USF World launches fund supporting international students

Less than 10 days after the fund was launched, a total of $7,842 had been raised by 92 donors.

As some international students deal with financial hardships and are unable to return to their home country due to the coronavirus (COVID-19) pandemic, USF World decided to create an alternative.

USF World launched the International Student Support Fund on May 12 and is collecting donations from the USF community until June 30 to supplement international students who cannot receive FAFSA or CARES Act funds from the federal government. 

As of May 20, a total of $7,842 has been raised by 92 donors. 

International Student and Scholar Services Director Marcia Taylor said the fund will operate based on need. 

“It is my understanding the fund would be distributed sometime in June and then maybe some in July,” Taylor said. “And then if we feel there is a continued need we’ll find a way to have another application period if we need to.”

The amount of money allotted to each recipient has yet to be decided and will depend on the total collected from donations, according to Taylor. Once the application period opens, Taylor said the maximum amount one student can be awarded is $1,500.

Taylor said there was no set goal for the amount of donations and she plans to continue collecting past the original June 30 deadline.

“We would love to raise thousands and thousands of dollars,” Taylor said. “Right now, we have the fund open until June 30, and the money is going up day by day and hour by hour. We do foresee a continuation, after the HerdFunder is done, continuing to try and find major donors to make sure that there is a USF World International Student Support Fund for the future.” 

There’s a clear need for the fund. While some international students relied on their on-campus jobs to pay bills, many were furloughed as campus operations were interrupted as a result of COVID-19.  

Systemwide Student Body Vice President Gustavo Spangher, a third-year business student from Brazil, said finances have been a concern since the beginning of his college career. Because of the pandemic, his family in Brazil is struggling with unemployment.  

“If I hadn’t gotten my job as a resident assistant, which pays for my housing and meal plan in my second year, I couldn’t have afforded to stay and continue my education here in the U.S.,” Spangher said. “Now with this pandemic, my entire family hasn’t had any means of making income. They are all stuck at home and I’m by myself here, stuck in the university.”

Of the students’ families who are still able to work and earn an income, some are not making as much money as usual. 

Olivier Fourcand, a sophomore majoring in accounting from Haiti, said his mother is not earning her normal salary due to the pandemic.

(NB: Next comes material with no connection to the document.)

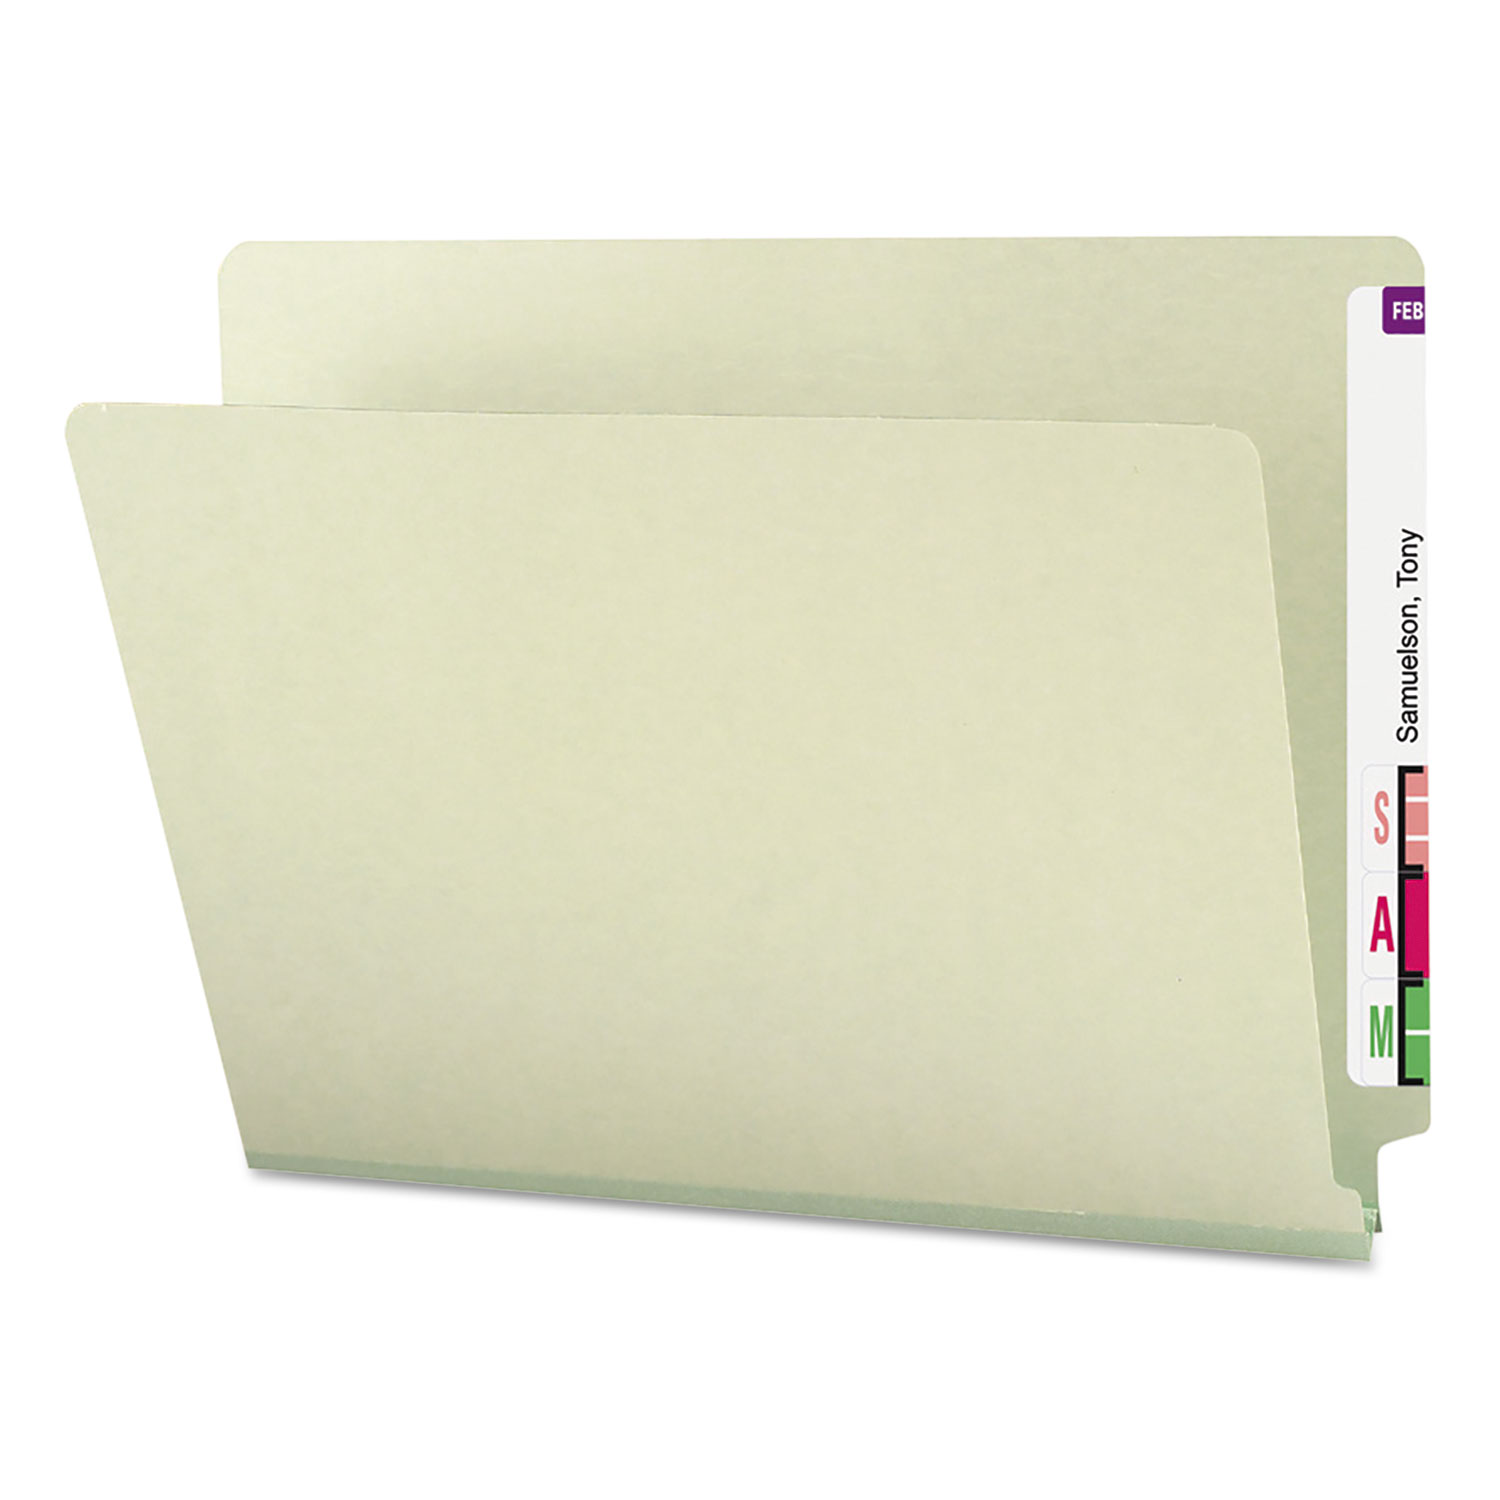  Smead 26200 Extra-Heavy Recycled Pressboard End Tab Folders, Straight Tab, 1 Expansion, Letter Size, Gray-Green, 25/Box (SMD26200) 
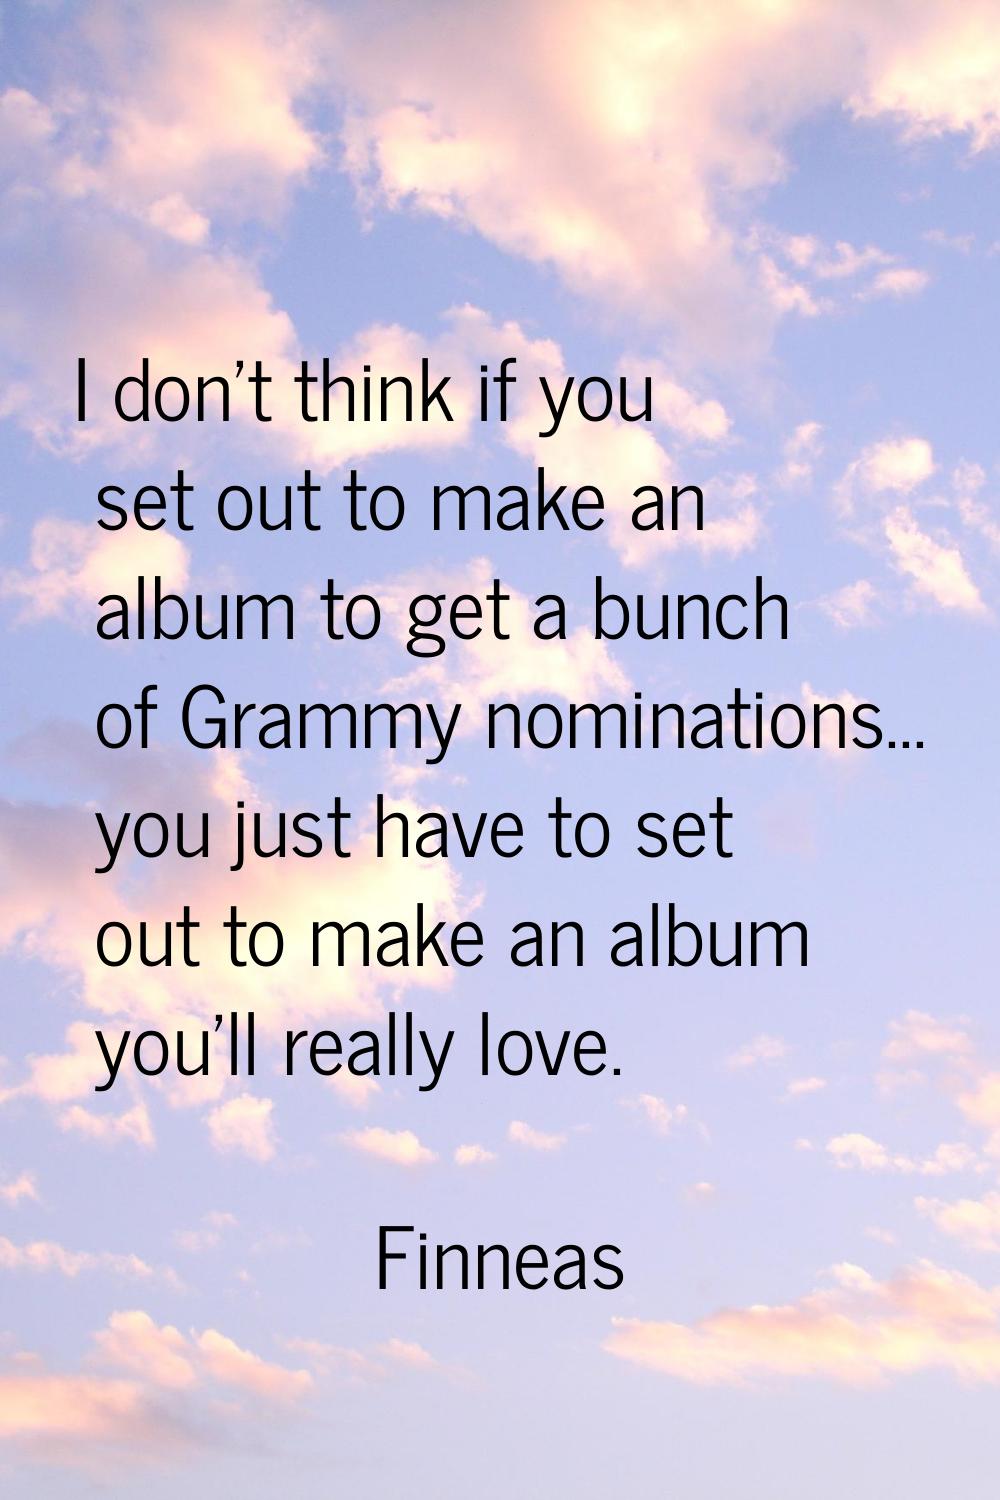 I don't think if you set out to make an album to get a bunch of Grammy nominations... you just have

“My mom is a business owner, so she is receiving less of an income,” Fourcand said. “She provides her employees with transportation and free masks every day, and pays for clean water for customers to wash their hands when they enter. She is earning about 75 percent of her normal income.”

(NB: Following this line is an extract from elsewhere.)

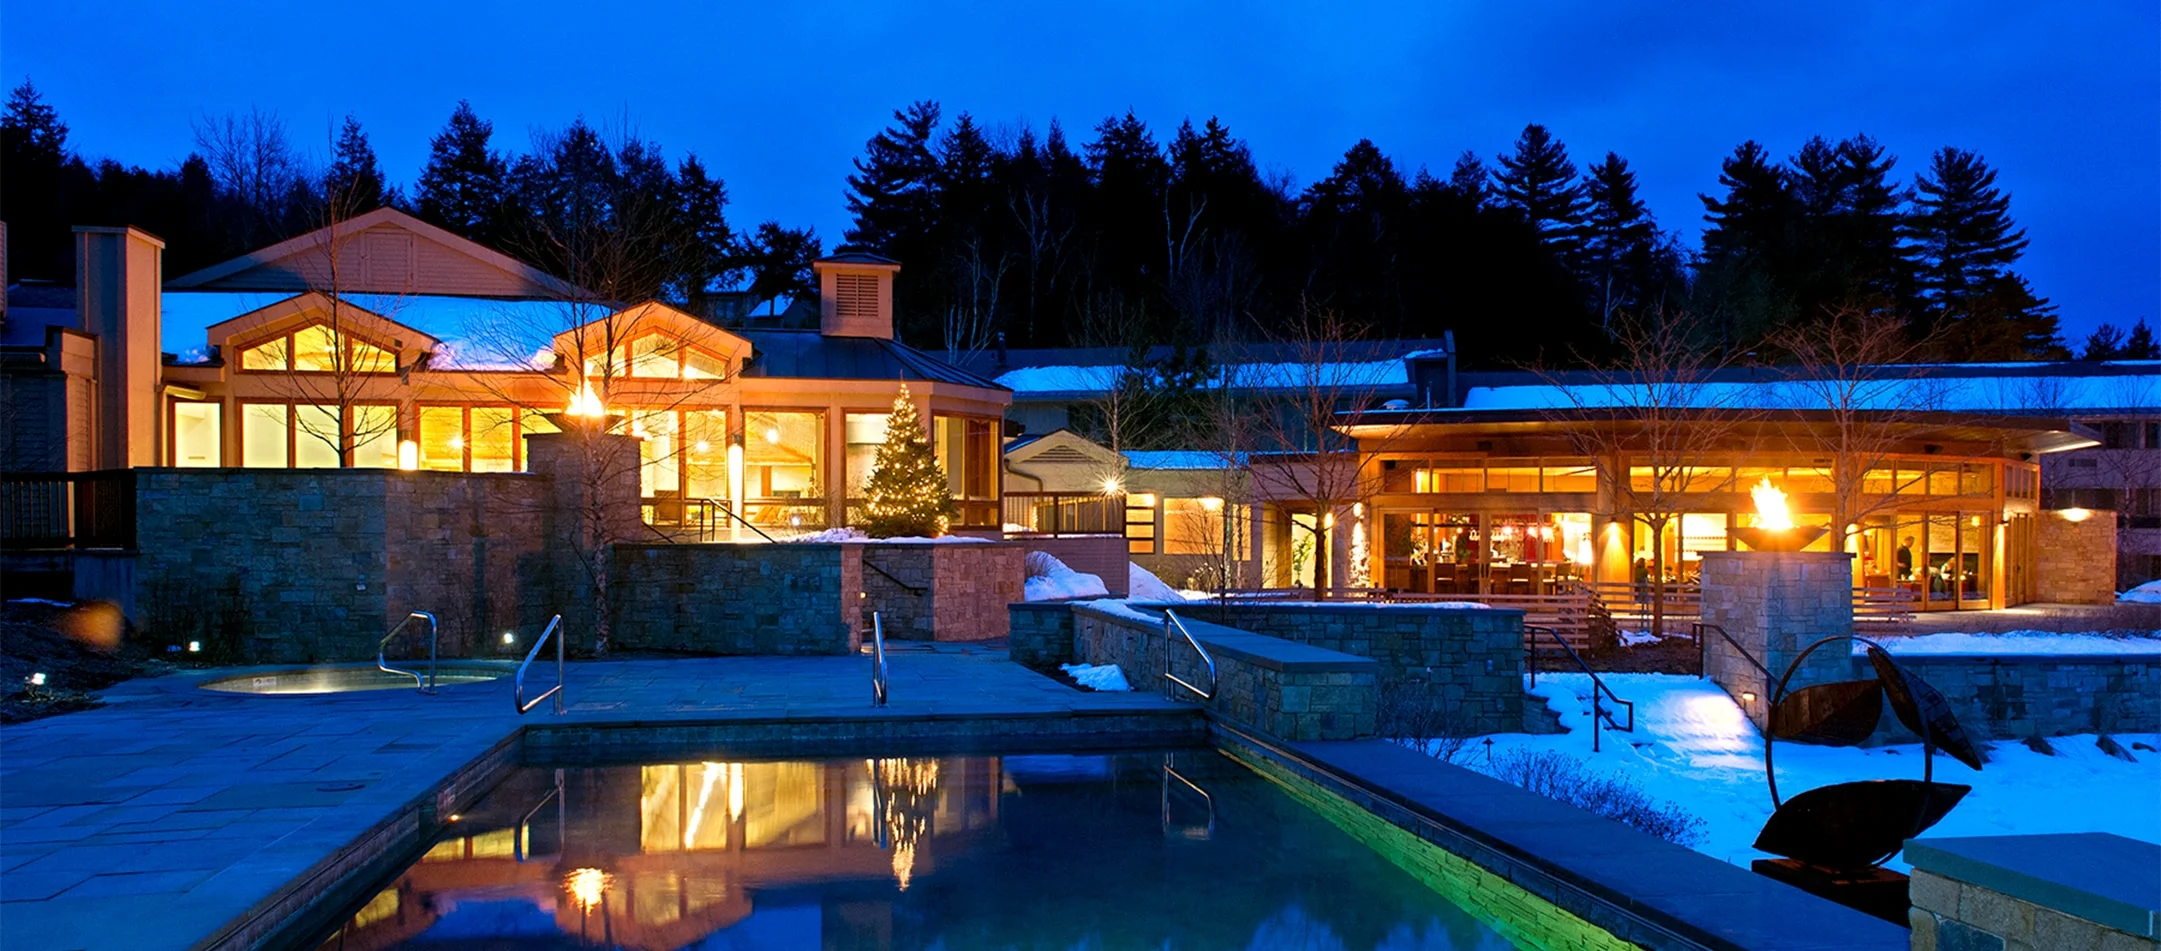 exterior view of Topnotch Resort Stowe

Aside from the fund, international students can apply for special work permission through an application for severe economic hardship from the United States Citizenship and Immigration Services (USCIS). Conditions to apply include loss of financial and/or on-campus employment and fluctuations in the value of currency or exchange rate, according to the USF World website.

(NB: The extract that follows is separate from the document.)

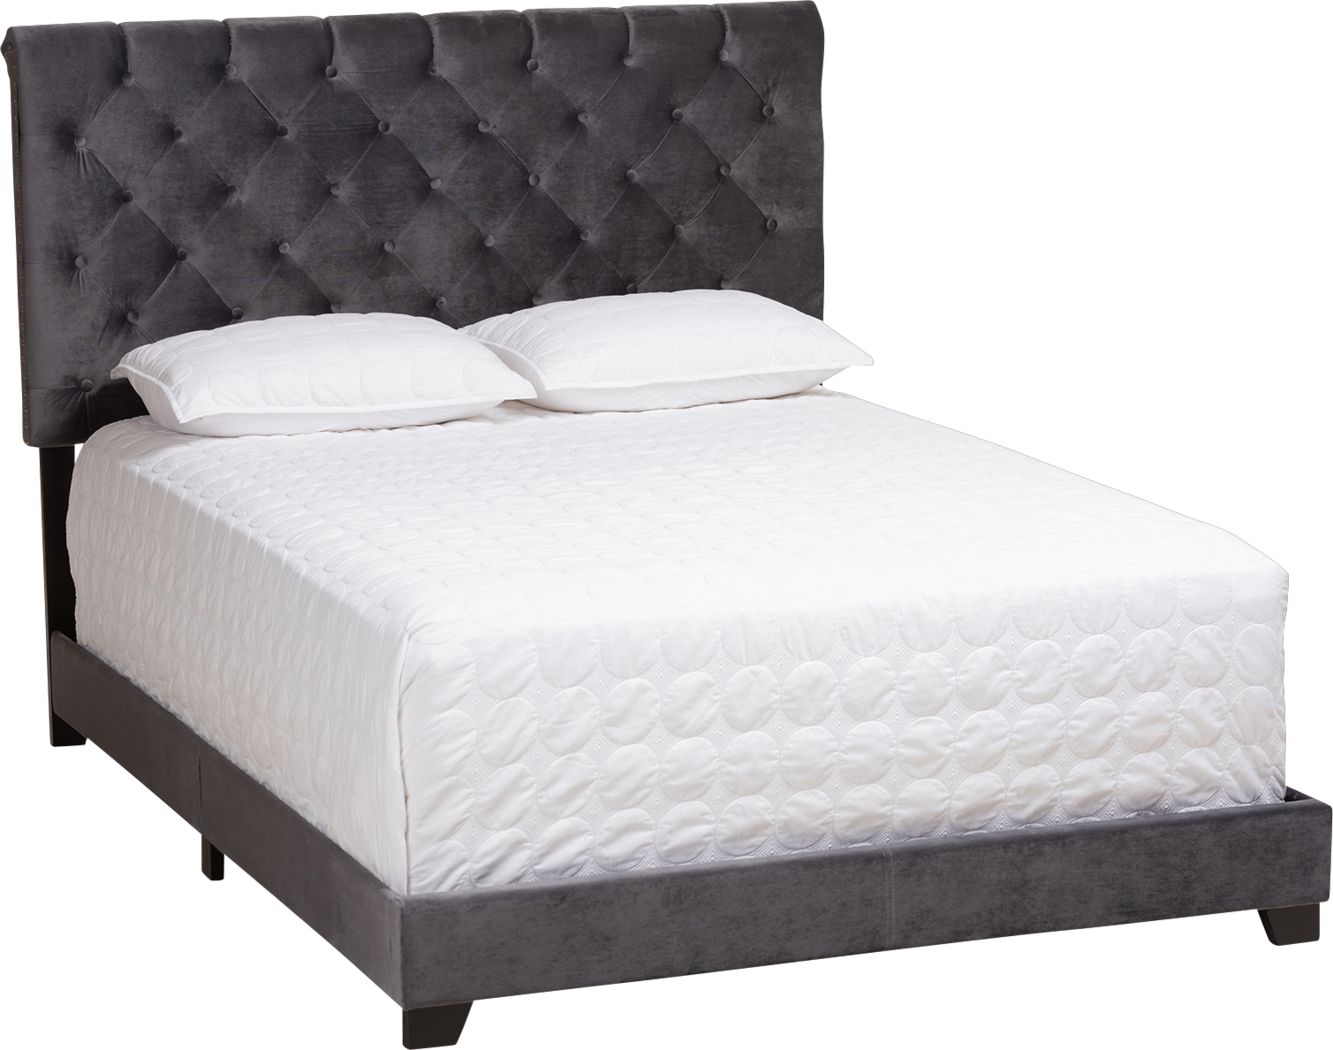 King Beds, Rooms To Go King Size Bed Frame

Eligible students must have a valid F-1 visa, good academic standing and have been enrolled as a full-time student for at least one full academic year. Once their work permission is approved, students can work a maximum of 20 hours per week when school is in session.

Because of the pandemic, many national currencies have been devalued compared to the American dollar, so parents sending their children money from abroad to pay for housing, food, and other expenses now pay much more than they normally would. The process itself of sending money abroad has also been greatly impacted since the spread of the pandemic. 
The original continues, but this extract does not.